HAAS: Kuakini Medical Center, Honolulu, HI, and Veterans Affairs Pacific Islands Health Care System, Honolulu, HI Institutional Review Boards.

REP: The Institutional Review Boards of Mayo Clinic and Olmsted Medical Center, Rochester, MN.

### Statistical analysis

Using prevalence data from the individual studies, we employed the metafor20 package within the R programming environment21 to fit random-effects models for each sex and 10-year age stratum 45–54 through 85+. We represent heterogeneity using the I2 statistic of Higgins and colleagues;22 this statistic describes the percentage of variation across studies that appears to be due to study heterogeneity rather than chance. 95% confidence intervals for the I2 statistic were calculated using published methods.23

For females and males, we apply the random-effects regression separately to each of our five 10-year age groups $$i$$, resulting in summary coefficients $$\hat \beta _i$$ such that the age-specific prevalence is $$e^{\hat \beta _i}$$. Similarly, our age-standardized meta-estimate is $$\hat r = \mathop {\sum }\limits_i w_i\left( {e^{\hat \beta _i}} \right)$$, where $$w_i$$ is the proportional representation of each age group in the 2010 US population24 such that $$\mathop {\sum }\limits_i w_i = 1$$. Confidence intervals for $$\hat r$$ were made by replacing $$\hat \beta _i$$ in the above formula with $$\beta _i\sim N\left( {\hat \beta _i,\hat \sigma _i^2} \right)$$, where $$\hat \sigma _i^2$$ is the variance of each coefficient $$\hat \beta _i$$. We report the 2.5th and 97.5th percentiles of $$\hat r$$ based on an arbitrarily large number of samples (1 million of each $$\beta _i$$). Estimates of the number of expected cases in 2020 and 2030 are calculated using the population projections for the entire nation of the US published by the US Census Bureau.24

Unique among the P4 efforts, HAAS is a longitudinal study following a fixed cohort of men over an extended period of time (1965–2012). The total number of years each subject was alive constitutes the number of person-years at risk (denominator), while the number of years over which a subject had a diagnosis of PD defines the case number within a period of interest (numerator). While common assumptions regarding the Poisson distribution of rare diseases can be applied to the other efforts to generate measures of uncertainty, HAAS data require a bootstrap resampling approach.25 As such, we report prevalence estimates from the HAAS cohort for comparison alongside those from other research efforts and do not incorporate them into the random-effects models to derive the summary estimates.

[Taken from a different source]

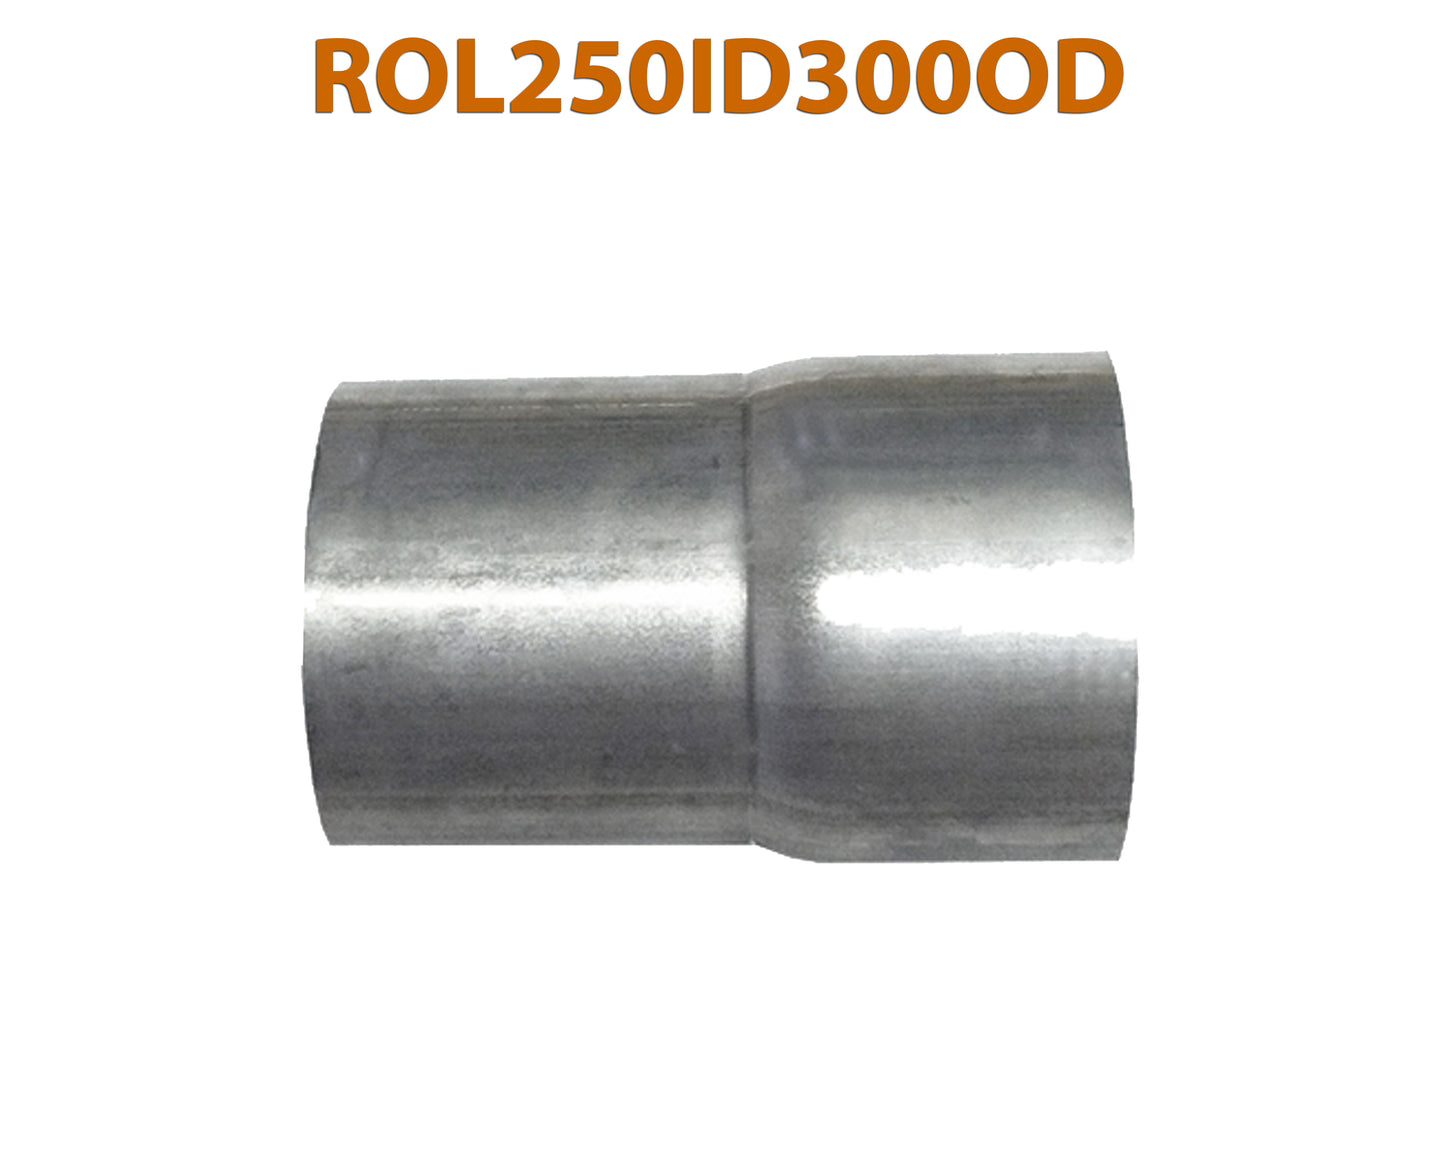 ROL250ID300OD 548583 2 1/2" ID to 3" OD Universal Exhaust Pipe to Component Adapter Reducer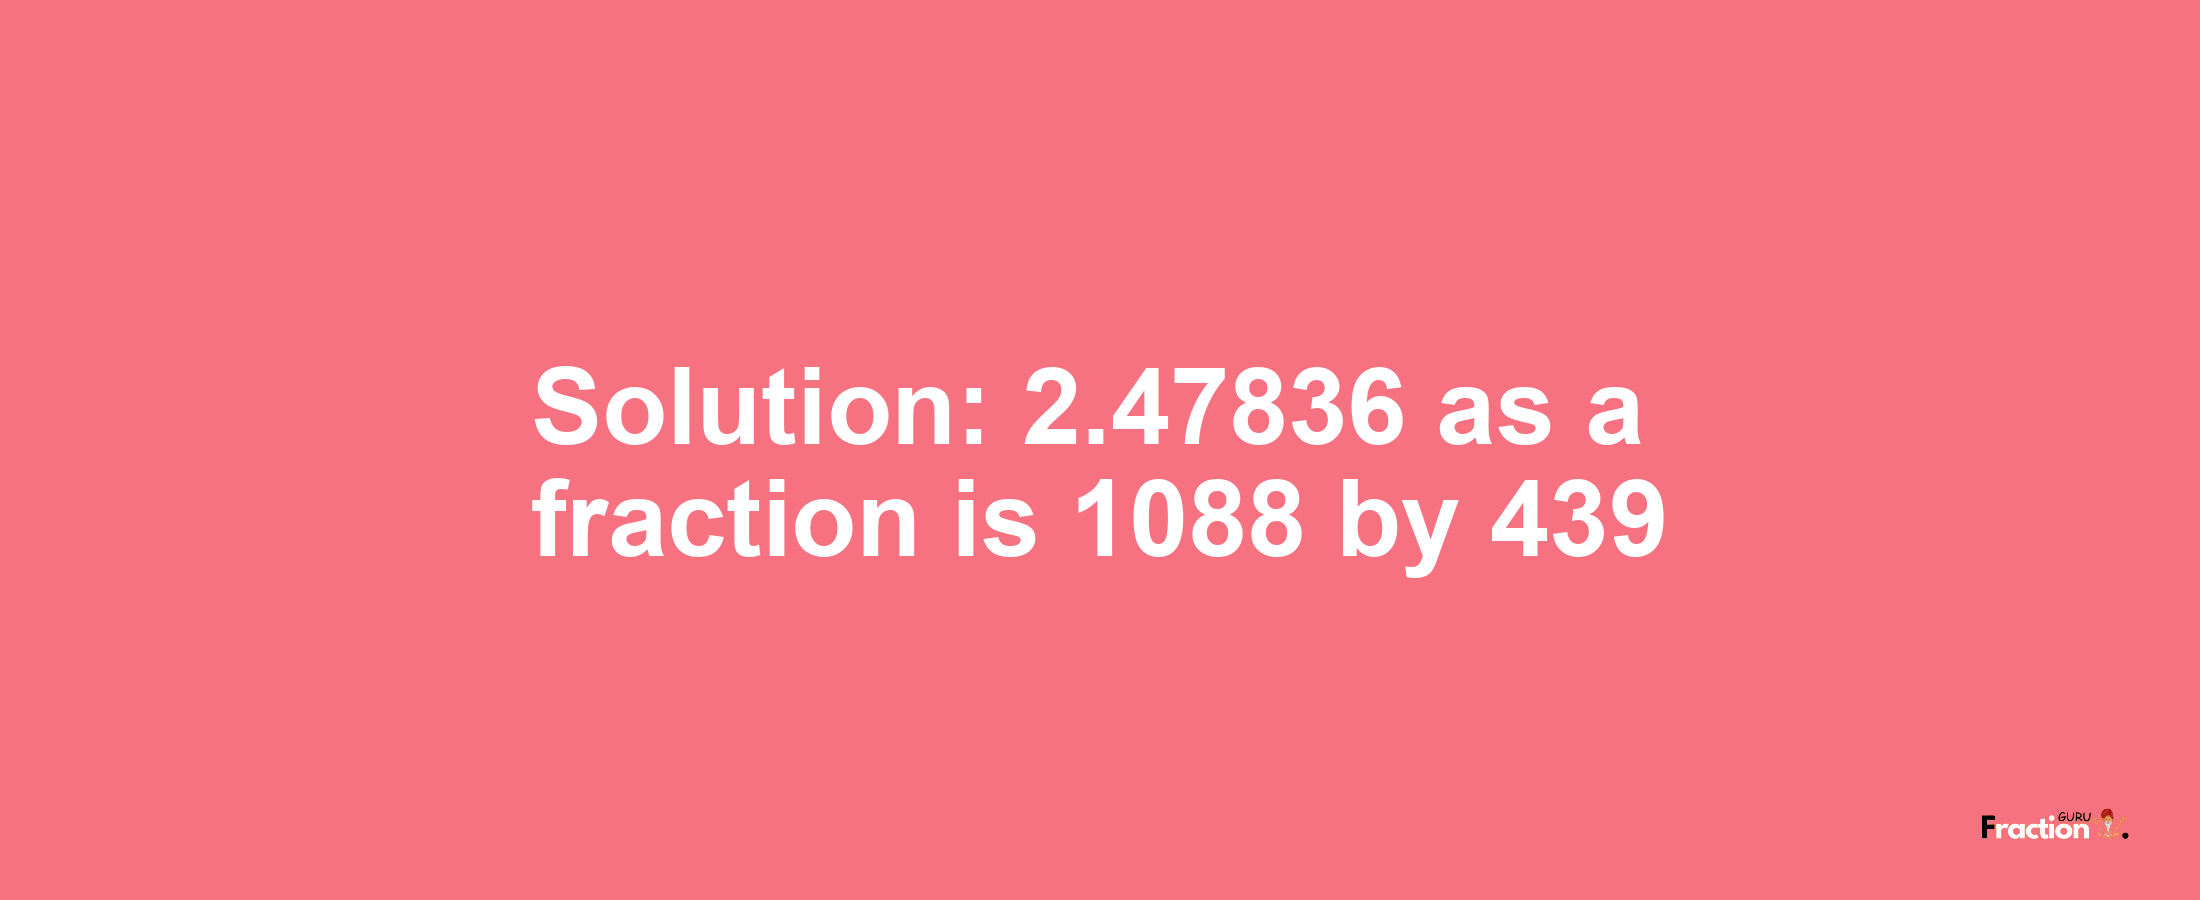 Solution:2.47836 as a fraction is 1088/439

To compare prevalence estimates generated by the four P4 projects to those produced by US Medicare records, we calculated prevalence from Medicare data for each group of US counties included in the US P4 project catchment areas (see legend to Fig. 2 for the corresponding counties).

All rates are presented for males and females aged ≥65 years and standardized to the US 2010 population using 5-year age strata;24 confidence intervals are calculated using the method of Tiwari and colleagues.26

### Data availability

Data for this project are not owned by or under the control of the authors. Owing to either privacy regulations or data-sharing agreements, data cannot be made available.

### Code availability

Analytic code can be made available upon request to the corresponding author.